Experiments have shown that anaphylaxis decreases cardiac output; increases left ventricular end diastolic pressure; induces severe early acute increase in respiratory resistance with pulmonary interstitial edema; and decreases splanchnic, cerebral, and myocardial blood flow more than what would be expected from severe arterial dilation and hypotension. This is attributed to the constrictive action of inflammatory mediators released during anaphylactic shock. Inflammatory mediators such as histamine, neutral proteases, arachidonic acid products, platelet-activating factor (PAF), and a variety of cytokines and chemokines constitute the pathophysiologic basis of Kounis hypersensitivity-associated acute coronary syndrome. Although the mechanisms of anaphylactic shock still remain to be elucidated, myocardial involvement due to vasospasm-induced coronary blood flow reduction manifesting as Kounis syndrome should be always considered. Searching current experimental and clinical literature on anaphylactic shock pathophysiology, causality, clinical appearance, and treatment via PubMed showed that differentiating global hypoperfusion from primary tissue suppression due to mast cell mediator constrictive action on systemic arterial vasculature is a challenging procedure. Combined tissue suppression from arterial involvement and peripheral vasodilatation, perhaps, occur simultaneously. In cases of anaphylactic shock treatment targeting the primary cause of anaphylaxis together with protection of coronary vasculature and subsequently the cardiac tissue seems to be of paramount importance.

Introduction

It is generally believed, that during anaphylactic shock, the observed myocardial damage and ventricular dysfunction is the result of depression of cardiac output due to coronary hypoperfusion from systemic vasodilation, leakage of plasma and volume loss due to increased vascular permeability, and reduced venous return. It has been reported that during anaphylactic shock circulating blood volume may decrease by as much as 35% within 10 min due to transfer of intravascular fluid to extravascular space.[1] Furthermore, severe vasodilation resistant to epinephrine and responding only to other potent vasoconstrictors has been also reported.[2]

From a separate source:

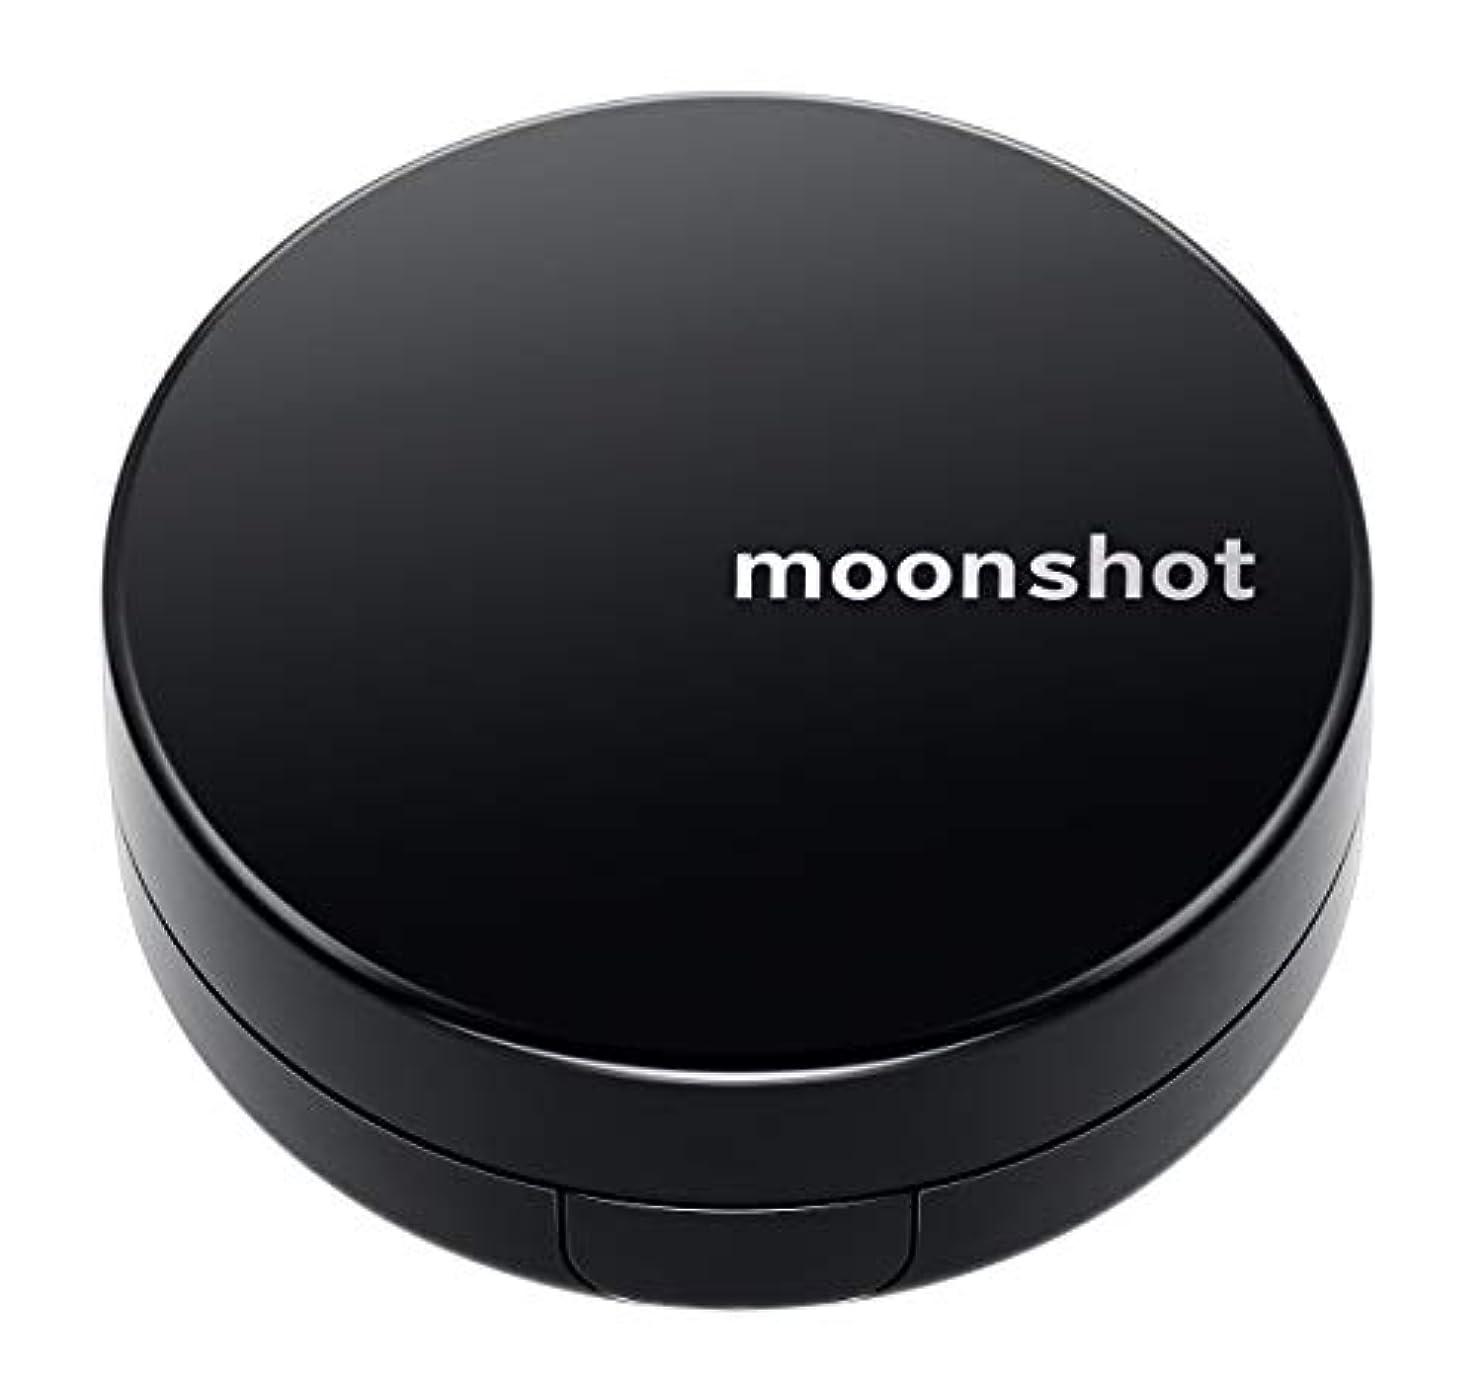 にやにや囲いうねる【moonshot × blackpink】自然なスキントーンと均一なカバー力 しわ改善 美白 紫外線遮断 ムーンショット マイクロフィットクッション301/正規品
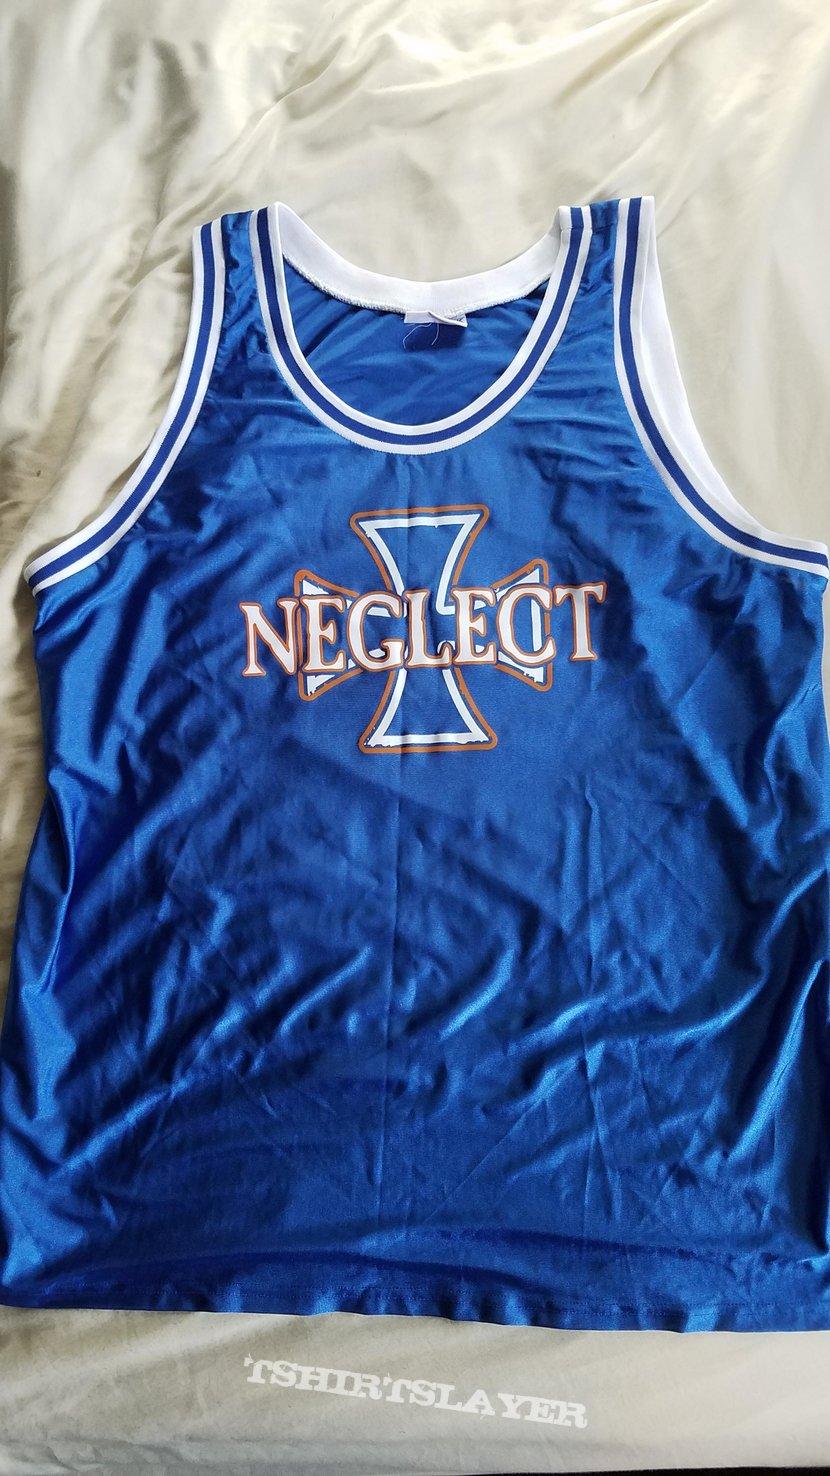 Neglect Jersey

This effective shift of fluid volume is countered by compensatory vasopressor mechanisms involving the release of epinephrine and norepinephrine together with activation of angiotensin system.[3] The ensuing increase in catecholamines might produce varied effects. Some patients during anaphylactic episodes experience maximum peripheral vasoconstriction due to increased vascular resistance while others have decreased systemic vascular resistance. The variable effects of internal compensatory mechanisms might explain why epinephrine injections sometimes fail to help acute and severe allergy. Furthermore, the endogenous catecholamine release which can be enhanced by therapeutic administration can have an adverse effect in myocardium, including ischemic chest pain and electrocardiographic changes even in the absence of existing coronary disease.[45] Indeed, platelets from patients suffering from angina pectoris are more sensitive to increased endogenous serum epinephrine levels and therefore are prone to get activated and aggregate in order to induce thrombotic events.[6] In anaphylactic shock, experiments with ovalbumin-sensitized guinea pigs[7] have shown that left ventricular end diastolic pressure raises within 3 min following antigen challenge; while, contemporarily, cardiac output declines by 90%. These have forced the researchers to conclude that the view of registered anaphylactic cardiac damage might be due to peripheral vasodilatation should be definitively excluded. Other recent experimental findings[8] have shown that during anaphylactic shock the cerebral blood flow decreases more than what would be expected from severe arterial hypotension. This was attributed to the early and direct action of anaphylactic mediators on cerebral vessels. Concurrent changes in airway-lung mechanics, such as respiratory resistance and reactance response to ovalbumin-induced anaphylactic shock in allergic rats have been also studied.[9] It was found that an early increase in respiratory resistance followed by a decrease in respiratory reactance consistent with initial acute bronchoconstriction occurs and this is followed by pulmonary capillary leakage into smaller airspaces.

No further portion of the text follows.